Los van de voorkeuren die mensen denken dat ze hebben, is er geen wetenschappelijk bewijs voor het bestaan van leerstijlen. En er is geen relatie tussen de leerstijl die mensen zeggen te hebben en hoe ze leren. Dit blijkt uit een meta analyse van Hattie en Timperley in 2012, waarvan de resultaten zijn gepubliceerd in het boek Visible Learning and the science of how we learn.
Het idee dat er leerstijlen bestaan is gebaseerd op de foute assumptie dat als mensen verschillend ontwikkelde vaardigheden hebben, de sterk ontwikkelde vaardigheden op het ene vlak corresponderen met zwak ontwikkelde vaardigheden op het andere vlak. Als iemand zich sterk ontwikkeld heeft in het snel lezen van woorden hoeft dat niet te zeggen dat die persoon automatisch dus minder sterk ontwikkeld is in het begrijpen van grafieken en plaatjes en al helemaal niet dat zijn voorkeursleerstijl dus lezen zou zijn.
Naast dat er geen bewijs is voor het bestaan van verschillende leerstijlen, is er ook geen bewijs voor het bestaan van een match of mismatch tussen de leerstijl van de student en de onderwijsstijl van de docent. Het is dus niet raadzaam om als docent te proberen je studenten in te delen in leerstijltypes en daar te proberen je onderwijsstijl op af te stemmen.
Kortom:
1. verschillende studenten leren inderdaad verschillend, en dat is afhankelijk van het kennisniveau dat ze al hebben. Stem dus als docent je feedback en instructie af op waar de individuele student op een bepaald moment behoefte aan heeft en niet op een vermeende leerstijl van die student.
2. er bestaat niet zoiets als een mismatch tussen onderwijsstijl en leerstijl. Er bestaan wel effectieve leer strategieën die voor iedereen gelden.
3. kijk goed naar de individuele student met wie je werkt en bedenk daarbij dat de manier waarop je die student onderwijs geeft sterk afhankelijk is van het bestaande kennisniveau van die student.
4. laat studenten geen tests invullen die zegt wat hun leerstijl is en vraag studenten ook niet wat hun leerstijl is, want studenten zullen een antwoord geven op je vraag zonder dat dat antwoord enig verband houdt met hoe ze uiteindelijk leren. Don’t ask, can’t tell.
Meer lezen? nadenken over leerstijlen

Wat kunnen trainers doen om studenten te helpen zich iets te herinneren?

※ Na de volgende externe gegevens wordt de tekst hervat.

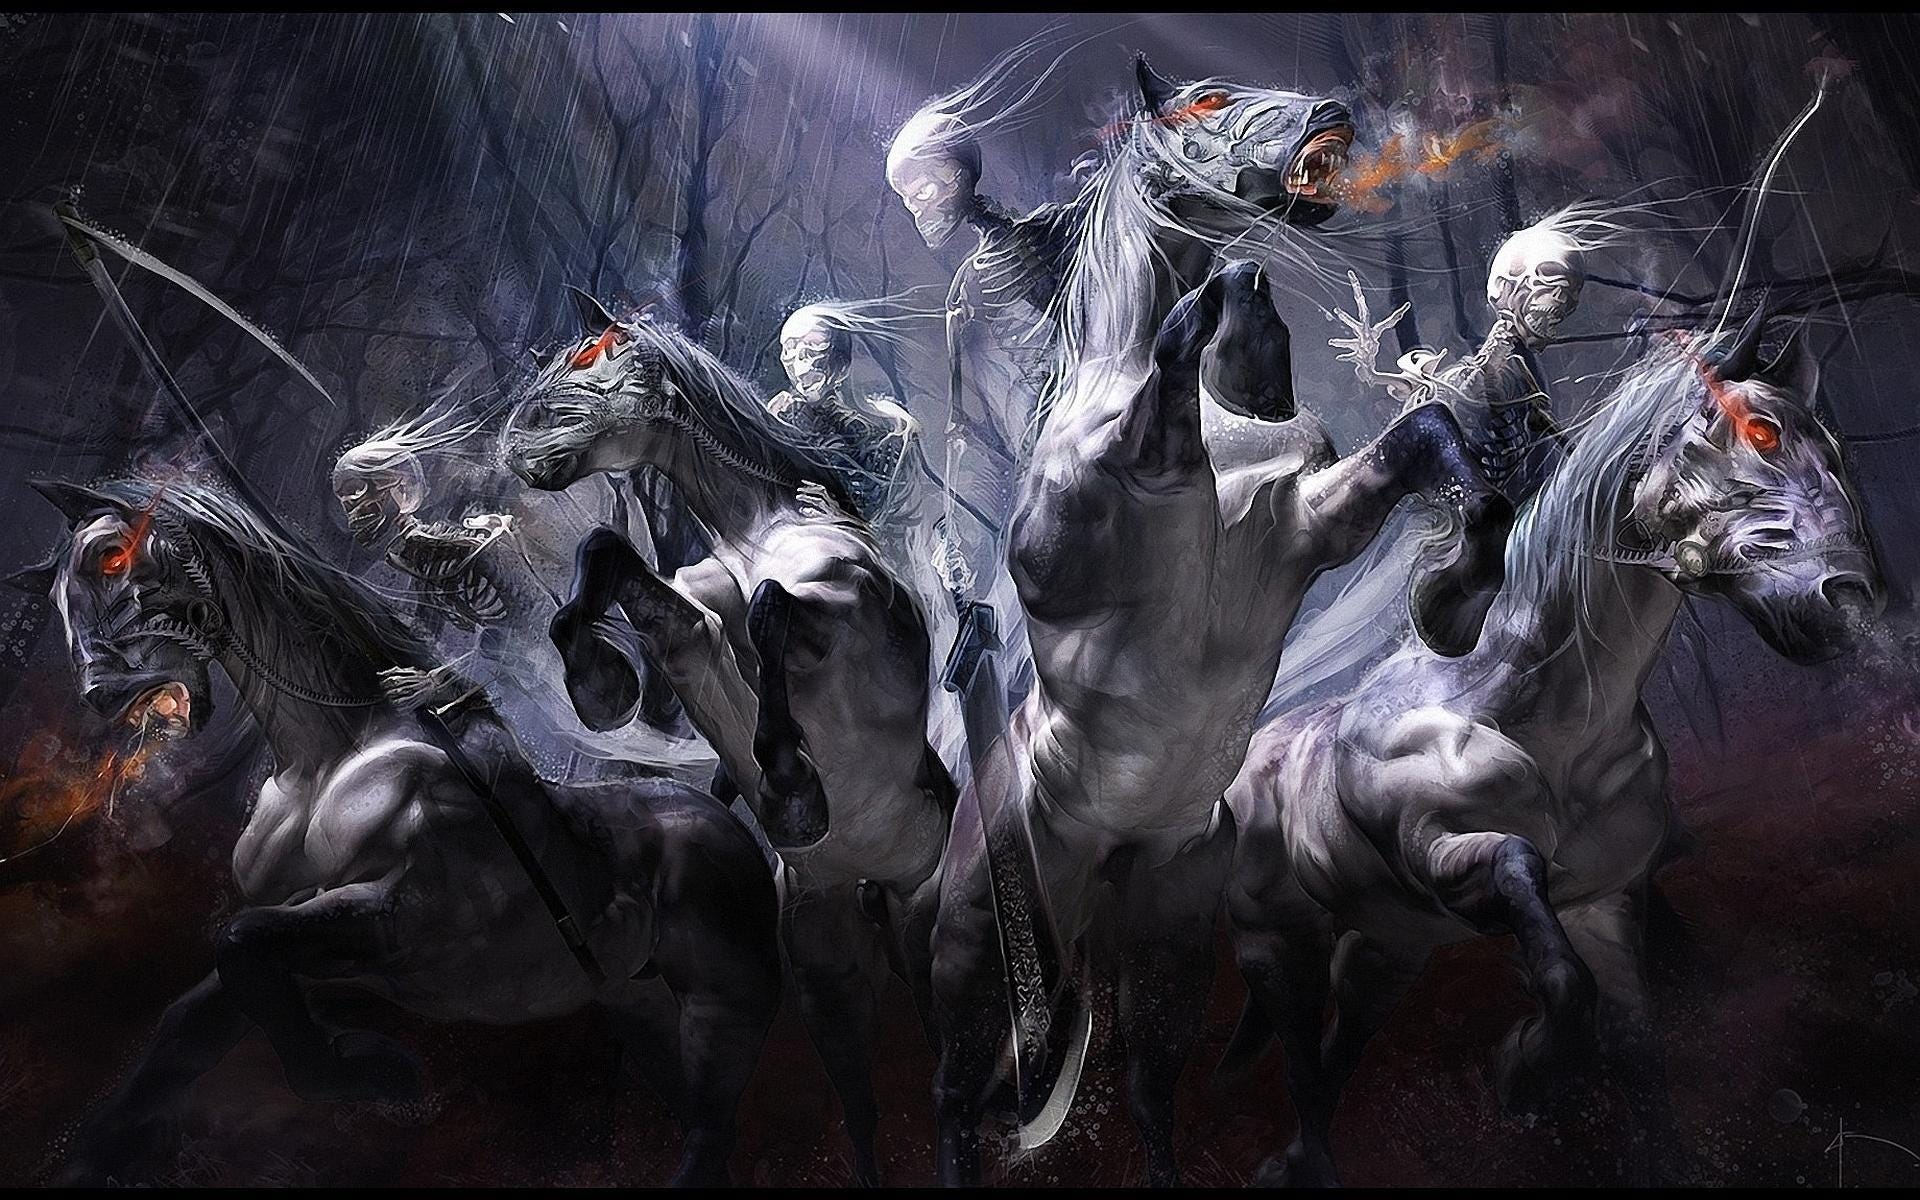 7. Tattoo Designs Inspired by the Four Horsemen of the Apocalypse in Revelation 6:8 - wide 7

Als we ons iets gemakkelijk herinneren dan hebben we die kennis snel paraat op het moment dat we het nodig hebben. Een goed geheugen voor kennis die we belangrijk vinden maakt ons effectiever. Hier schreef ik al eens iets over hoe we onze kennis kunnen automatiseren. Wat kunnen trainers doen om studenten te helpen zich iets te herinneren? En maakt het verschil of trainers aandacht besteden aan het geheugen van studenten of dat ze dat niet doen?
Dat is wat Jennifer Coffman et al zich afvroegen en wat ze onderzochten. De onderzoekers beschrijven dat docenten zelden direct zeggen:”Dit moet je onthouden” en dat ze ook zelden vertellen hoe studenten iets kunnen leren onthouden. Maar docenten gebruiken wel andere geheugenstimulerende strategieën.
Deze “geheugensteun-stimulerende orientatie” kun je herkennen aan de volgende dingen die docenten doen:
1. instructie geven: een algemene toelichting ten aanzien van een taak, de docent geeft informatie zonder actieve inbreng van de studenten te vragen
2. cognitieve structureringsactiviteiten: de docent praat op zo’n manier dat de student wordt uitgenodigd om aandacht te besteden aan informatie en materiaal die helpt bij het herinneren ervan. Dus: attentie regulatie, herhaling, identificeren van kenmerken van de informatie, het categoriseren van informatie, relaties onderkennen, linken maken met persoonlijke ervaringen, beelden en plaatjes creëren die gelinkt zijn aan de informatie. Dit soort activiteiten helpt om de informatie diepgaand te verwerken.
3. beroep doen op het geheugen: de docent vraagt de student om kennis naar boven te halen die er al is. Dat kan gaan om kennis die gelinkt is aan een specifieke ervaring en semantische of procedurele kennis opgedaan in het verleden. Het kan ook gaan om de toekomst, in de vorm van het laten formuleren van een gedragsdoel of een leerdoel
4. metacognitieve informatie geven: de docent geeft informatie die de student helpt bij het goed presteren in allerlei verschillende academische taken. Dus: metacognitieve vragen stellen of metacognitieve informatie geven, een nieuwe strategie aanreiken of een ander narratief aanreiken.
Concrete voorbeelden van deze geheugenstimulerende interventies van docenten zijn de volgende:
1. Strategie suggesties doen: als het je nog onduidelijk is, ga dan eens terug en lees het opnieuw of kijk nog eens naar het plaatje
2. Metacognitieve vragen stellen: welke strategieen kun je gebruiken om dit op te lossen?
3. Bewust beroep doen op de student via een instructie: vandaag gaan we een verhaal schrijven over ons bezoek aan de dierentuin vorige week. Wat was het eerste dat we deden toen we er kwamen? Onthoud: een verhaal heeft een begin, een middenstuk en een einde
4. Bewust beroep doen op de student via een cognitieve structureringsactiviteit: Gisteren spraken we over de staat van materie. Welke drie vomen kan water aannemen?
5. Bewust beroep doen op de student door metacognitieve informatie naar boven te halen: Hoe heb je dat probleem opgelost? Hoe wist je dat je moest optellen?
Het blijkt dat studenten die les krijgen van docenten met een hoge “geheugensteun-orientatie”, zelf actief herinner-strategieën gaan ontwikkelen en gebruiken en zich meer herinneren van wat ze hebben geleerd.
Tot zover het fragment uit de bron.